I am in the market to purchase a small stove for my father, this popped up online today locally for $60.. but I have no idea what it is, and neither does the seller.. anyone have any idea? See pictures attached.


----------



## Jan Pijpelink (Sep 27, 2018)

Hard to see, it looks like an old Jotul or a knock-off (Skandia). Better pictures would help. Is there a tag plate somewhere? @begreen


----------



## Bostonceltics151 (Sep 27, 2018)

What you see is what I have.. seller doesn’t have the name plate, or any more information than what I put in the original post..


----------



## Jan Pijpelink (Sep 27, 2018)

Bostonceltics151 said:


> What you see is what I have.. seller doesn’t have the name plate, or any more information than what I put in the original post..


Let's wait for the experts chime in, won't be too long. Do you know if it has any cracks or discoloration due to overheating?


----------



## Bostonceltics151 (Sep 27, 2018)

Nothing I can tell in the photos..


----------



## peakbagger (Sep 27, 2018)

It looks like a jotul 602 clone. A real 602 would have the name jotul cast in the front door. Not a lot of details in the photo. There has to be liner plates in good condition inside of it or its not going to last long. Definitely not a house stove.


----------



## royrizzle (Sep 27, 2018)

Most probably a Scandia - a company which made knock-offs in Taiwan for year, before they were sued for trademark violations - and went out of business.

It may be a copy of a Trolla or another similar European model - if it was one of those models, it would very likely have the name cast into the door.

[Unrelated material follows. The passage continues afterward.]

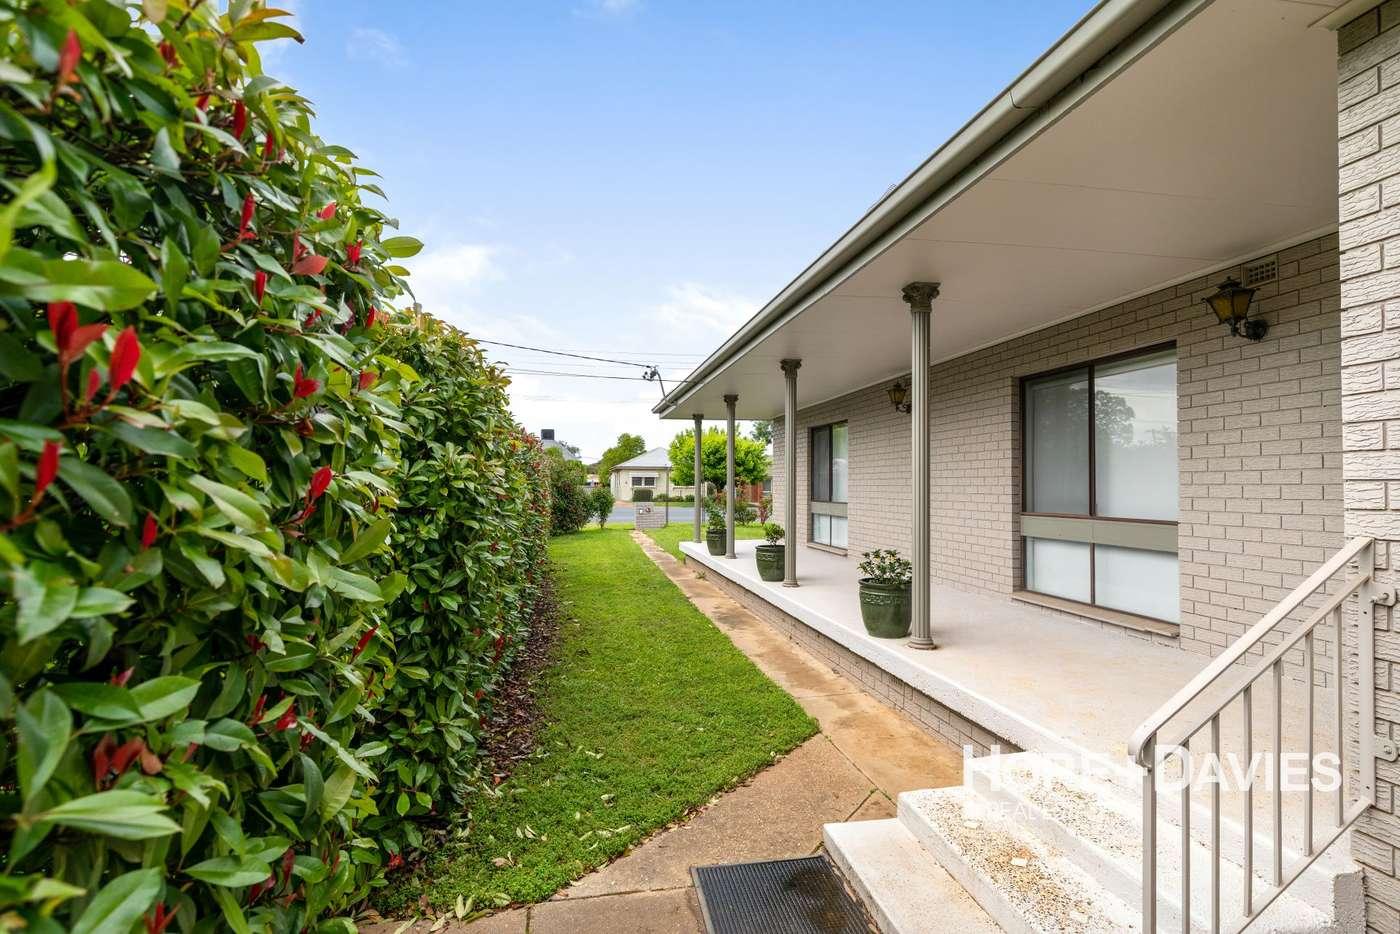 Main view of Homely house listing, 257 Kincaid Street, Wagga Wagga NSW 2650
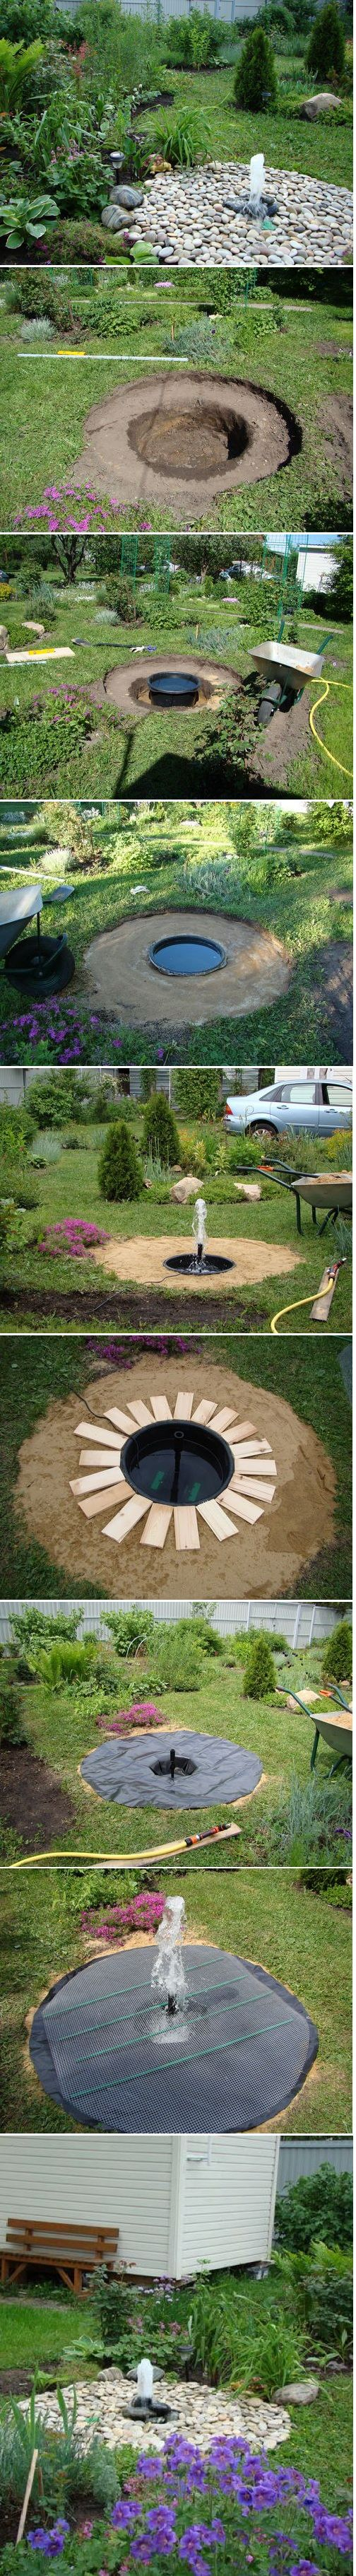 Backyard-Pond-4

It appears it is a Trolla 104 copy, but the original would have the name. See enclosed.


----------



## fbelec (Oct 2, 2018)

not a scandia i have a scandia box stove and it says scandia right across the front like the 602 or trolla


----------



## peakbagger (Oct 2, 2018)

I have seen Scandias with Scandia logos and many without. Some firm also bought Portland Stove Foundry's name after the bankruptcy and was selling Taiwanese  knockoffs. Cloned stoves really didnt go away until they had to be EPA certified.

I also expect we use the term Scandia to reflect several Taiwanese firms that made stoves of variable quality. Scandia was probably just a middleman that supplied stove models to local foundrys for them to break down and duplicate. Low bidder won and consumers on the other end who thought they were getting a quality stove lost


----------



## begreen (Oct 2, 2018)

fbelec said:


> not a scandia i have a scandia box stove and it says scandia right across the front like the 602 or trolla


There are several iterations of these knockoffs. Not all Scandias had their name cast in front. Some just said made in taiwan on the back.


----------



## fbelec (Oct 5, 2018)

still have it. going to make a heater for the pool. ran mine hard real hard it could heat the basement faster and hotter than the h2 but it shows. all above the bricks on the side is white. and the way the door was constructed on the inside pushed air into the smoke path and it ran smokeless never a dirty chimney. but yes very light in the weight dept.


----------